**PROBLEM REQUIREMENTS:**
In the listing that follows, retype every line from the first through the one containing "Procedures for Establishing". Pictures are to be left out.

[Opening DATA EXTRACT section]

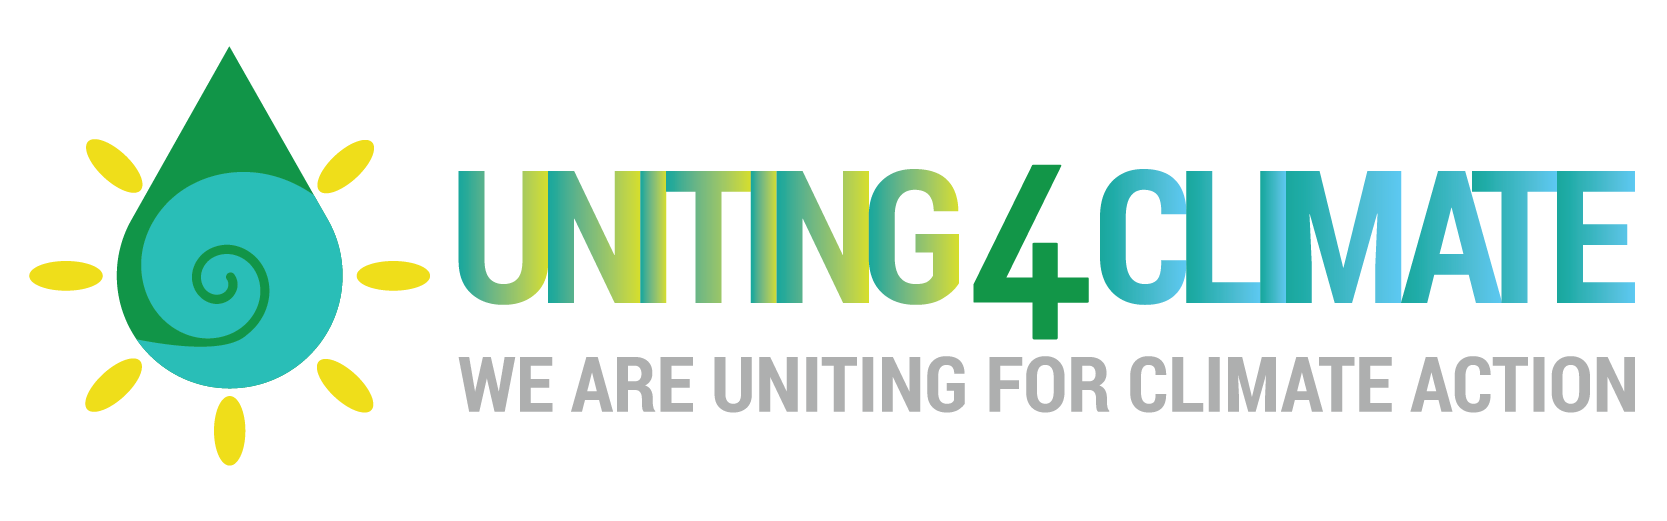 Uniting4Climate
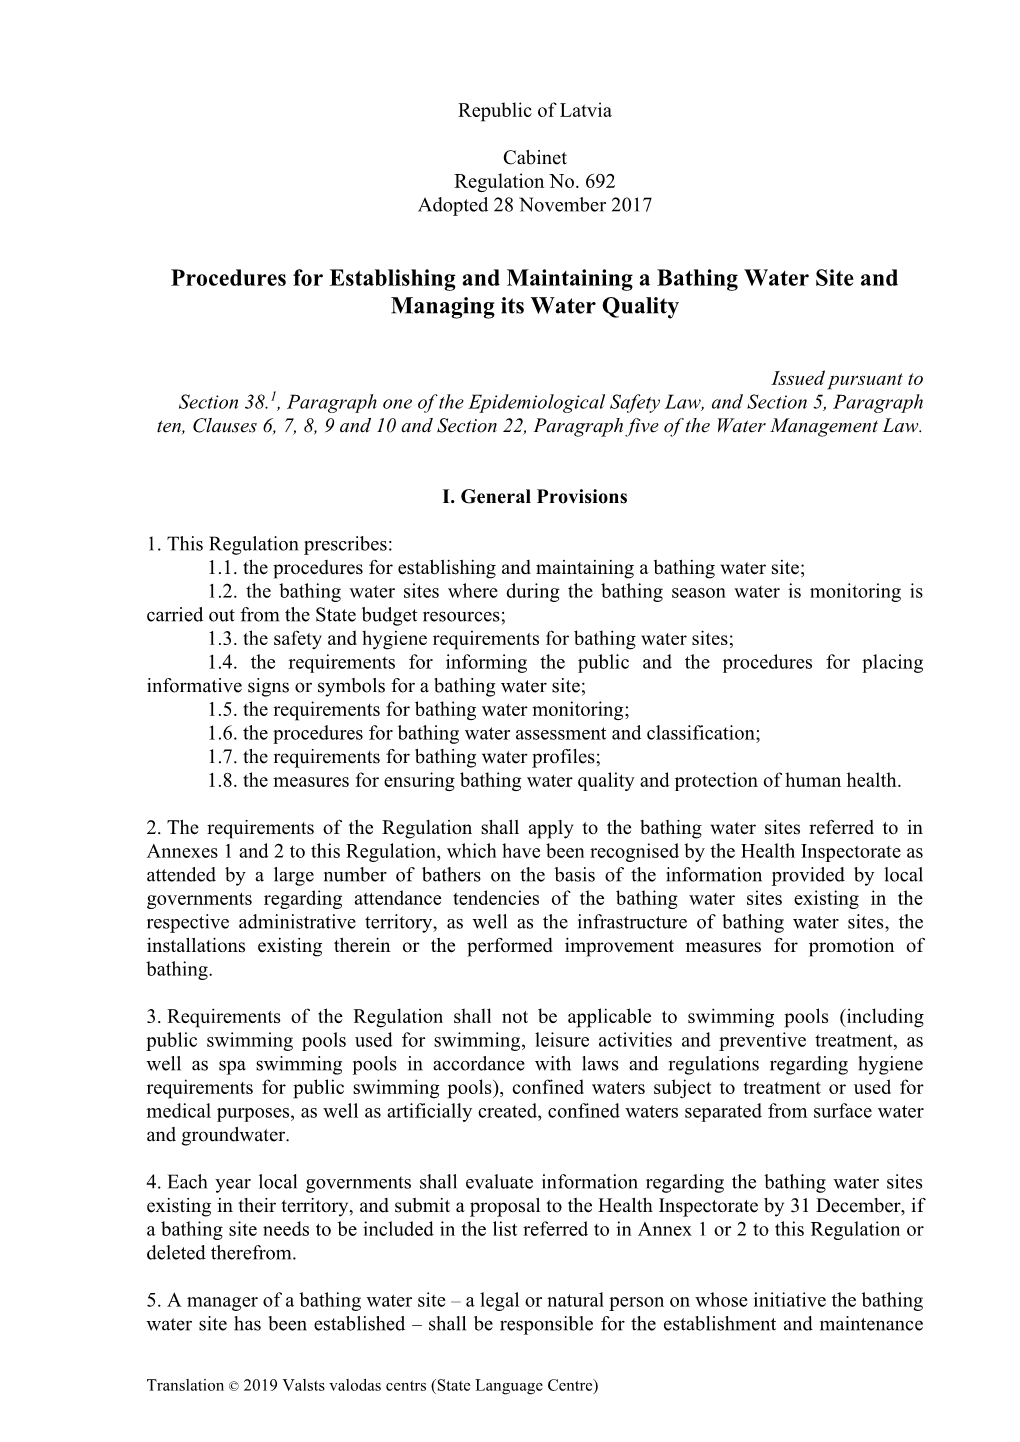 Procedures for Establishing and Maintaining a Bathing Water Site and Managing Its Water Quality
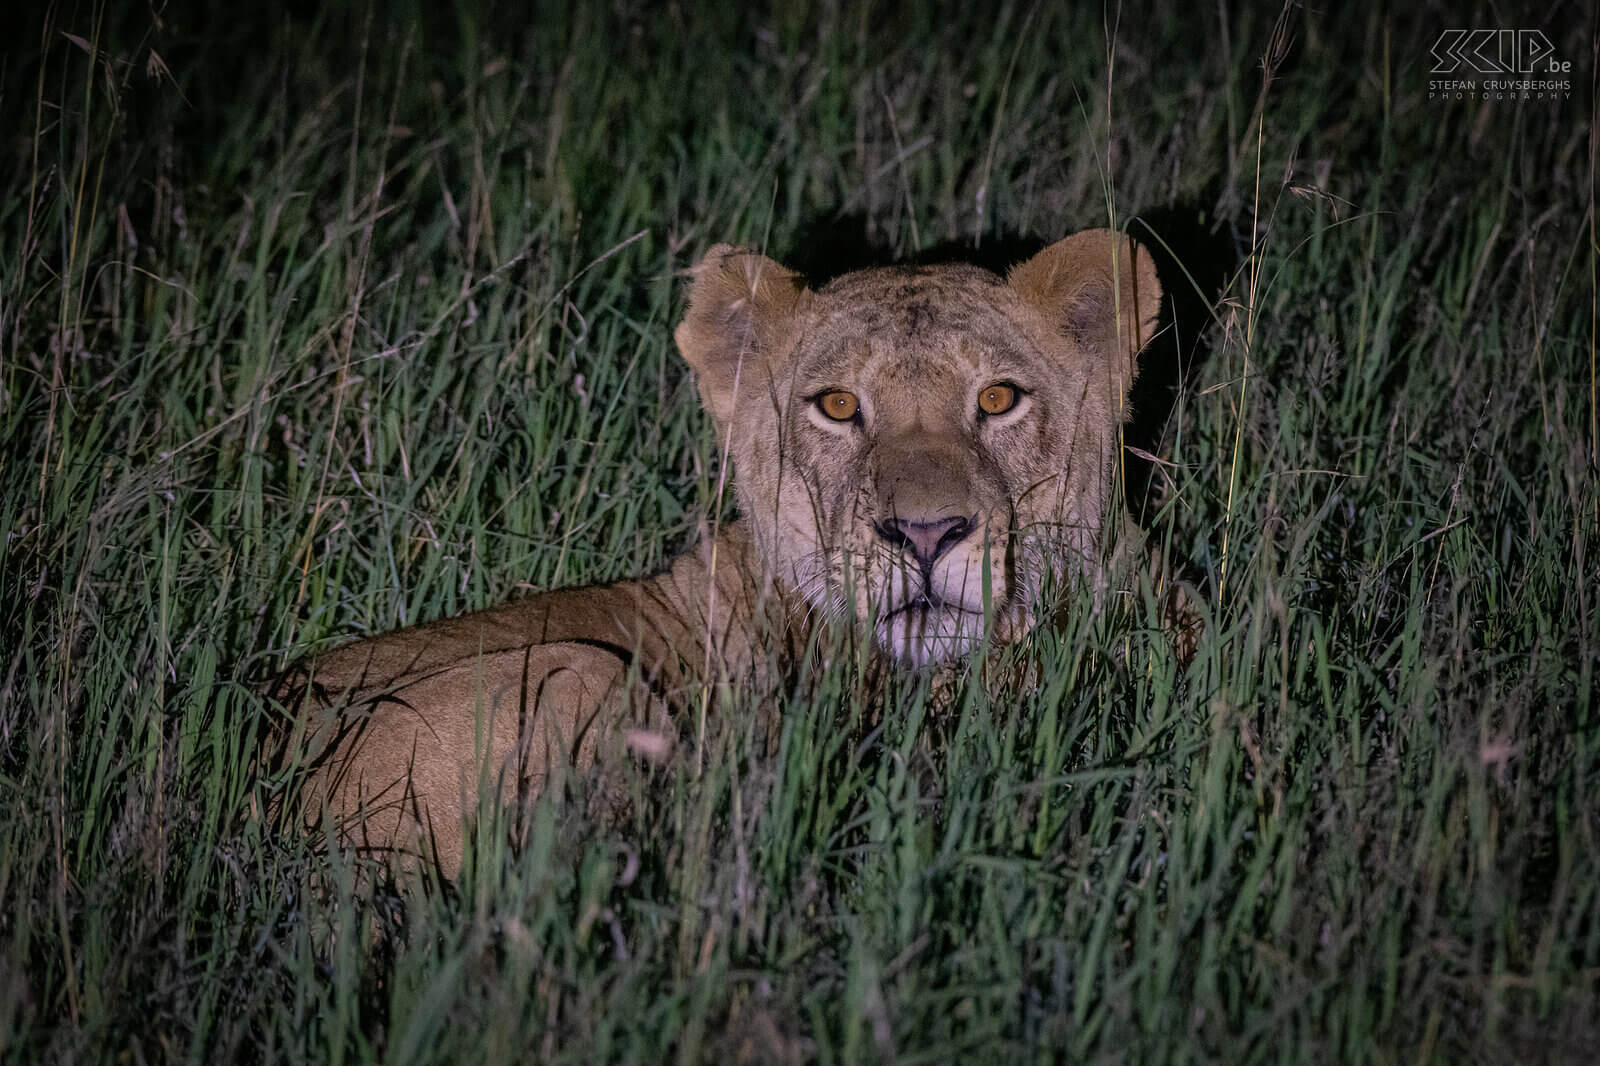 Solio - Young lion During a final night game drive in Solio we were able to follow a lioness with some cubs. Night game drives in Solio take place in the Ranch part. It was a fantastic end to our trip. Stefan Cruysberghs
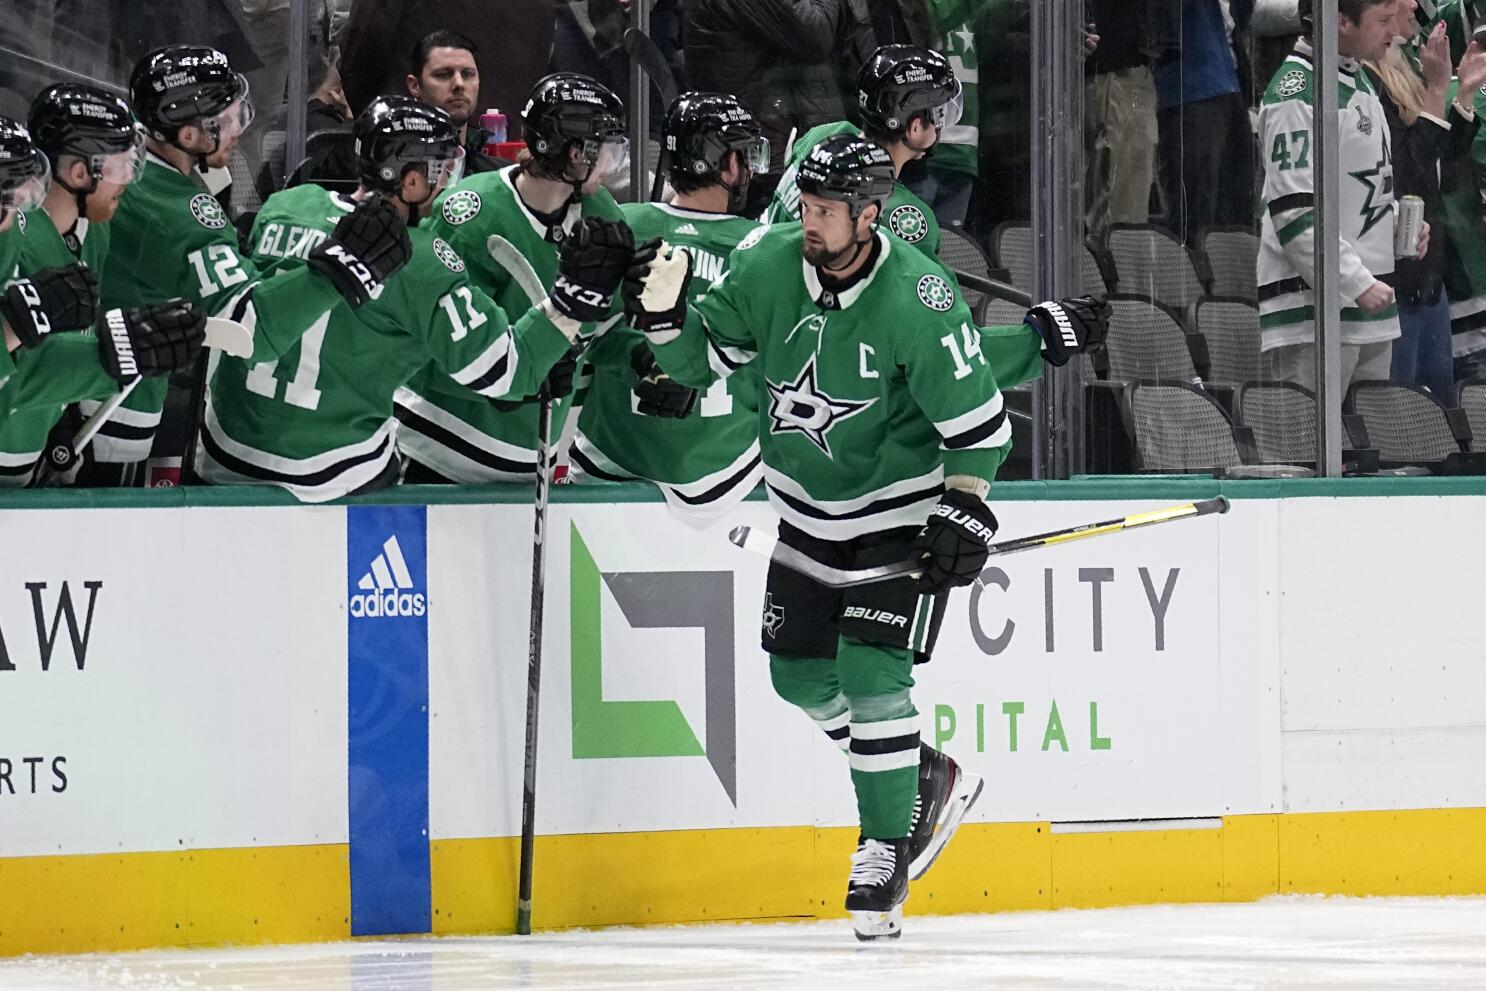 The Dallas Stars can't handle the Hurricanes as they lose 5-4 in OT

[Closing DATA EXTRACT section]

**TASK OUTPUT:**
 Uniting4Climate
 Procedures for Establishing and Maintaining a Bathing Water Site and Managing Its Water Quality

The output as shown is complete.